Omtrent Adegem - Zo ontstond het rustoord te Adegem (4)


-
Omtrent Adegem - Zo ontstond het rustoord te Adegem (4)

Op 15 oktober 1874 komen vier zusters van Maria en Jozef uit Geraardsbergen naar Adegem. Zusters Constance is hier de eerste geweest. Aanvankelijk was hun eerste werk, het onderwijs verzorgen. Maar, op 2 november 1875 wordt het hospice en het hospitaal officieel geopend. De ouderlingen van beide geslachten en de zieken die ten koste van gemeente in het gesticht te Sint-Laureins verbleven, werden naar hier overgebracht en werden verzorgd door de zusters.

In 1878 werd een kapel ingericht binnen de muren van het bestaande hospice. Op 24 mei 1878 werd deze plechtig ingewijd door Pastoor Christiaens, bijgestaan door Eerw. Van de Putte, algemeen bestuurder van de Zusters en een onderpastoor van Adegem. De kapel is tot stand gekomen dank zij de vele schenkingen, waaronder wij vooral noteren : Felicita Tijdgadt die het altaar betaald heeft, schepen Jan Baptiste Neyt die de ciborie geschonken heeft en vooral Mej. Esther Willems die door haar ijver en materiële steun alle toebehoorden voor de kapel heeft aangekocht. In de maand juli 1928 werd de kapel van het hospice “gewasschen, hersteld en rijkelijk versierd door de milddadigheid van de Eerwaarde Heer Leo De Kesel, zoon van de Burgemeester alhier” zo lezen wij in de archieven. Mevrouw De Kesel heeft in 1928 een schone albe geschonken aan de kapel. Op 30 maart 1929 heeft Charles-Louis Verstringe een kazuifel geschonken aan de kapel. In 1929 heeft Eerw. Heer De Kesel twee boeken voor de kapel bezorgd.

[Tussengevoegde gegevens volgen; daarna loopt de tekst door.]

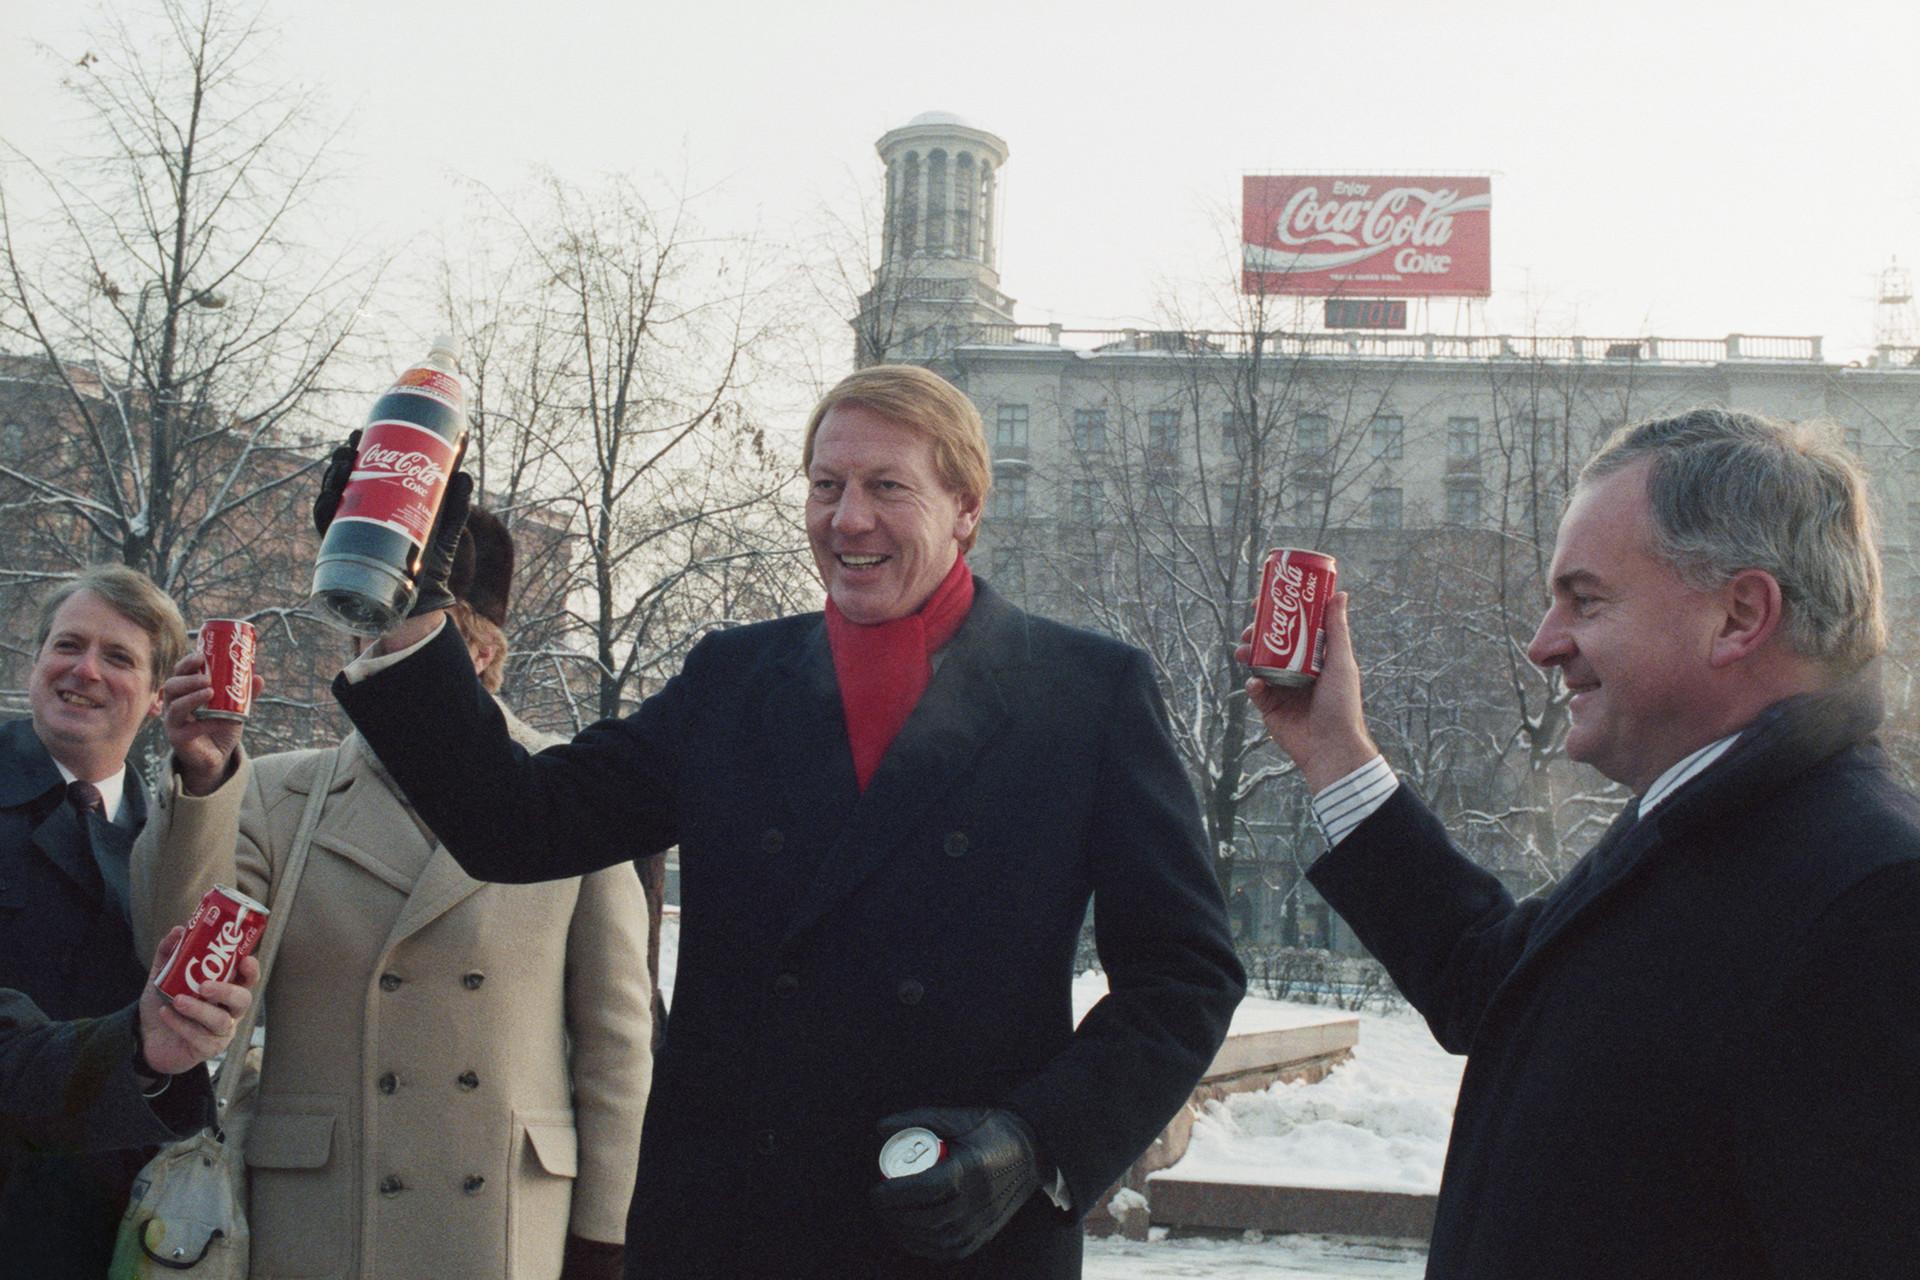 1989年12月1日。コカ・コーラの副社長、ネヴィリ・イスデル。コカ・コーラの製品のプレゼンテーションの時。後にはプーシキン広場にあったコカ・コーラの広告バナーが見える。

Op 17 juni 1931 heeft Martha Vervaet (echtgenote Van de Vliegher Richard en onlangs overleden) een mooie kant aan de kapel geschonken voor de Gedurige Aanbidding.

Na het vernieuwen van het hospice, kort na de tweede wereldoorlog, werd de kapel nogmaals verbeterd. Een schilderij voorstellend : “De boodschap” boven het altaar is geschonken door een Adegemse kunstenares : Mej. Maria Tuypens.

Aanvankelijk hadden de Eerwaarde Zusters als jaarwedde voor de overste 400 fr en de werkzusters ontvingen elk 365 fr - dus één frank per dag. De Zusters verkrijgen vanwege de commisie nog een gunst, nl dat zij op kosten van het Bestuur elk jaar éénmaal naar Geraardsbergen mogen gaan voor een “geestelijke” retraite. Deze gunst is wel mede ge-evolueerd met de tijd...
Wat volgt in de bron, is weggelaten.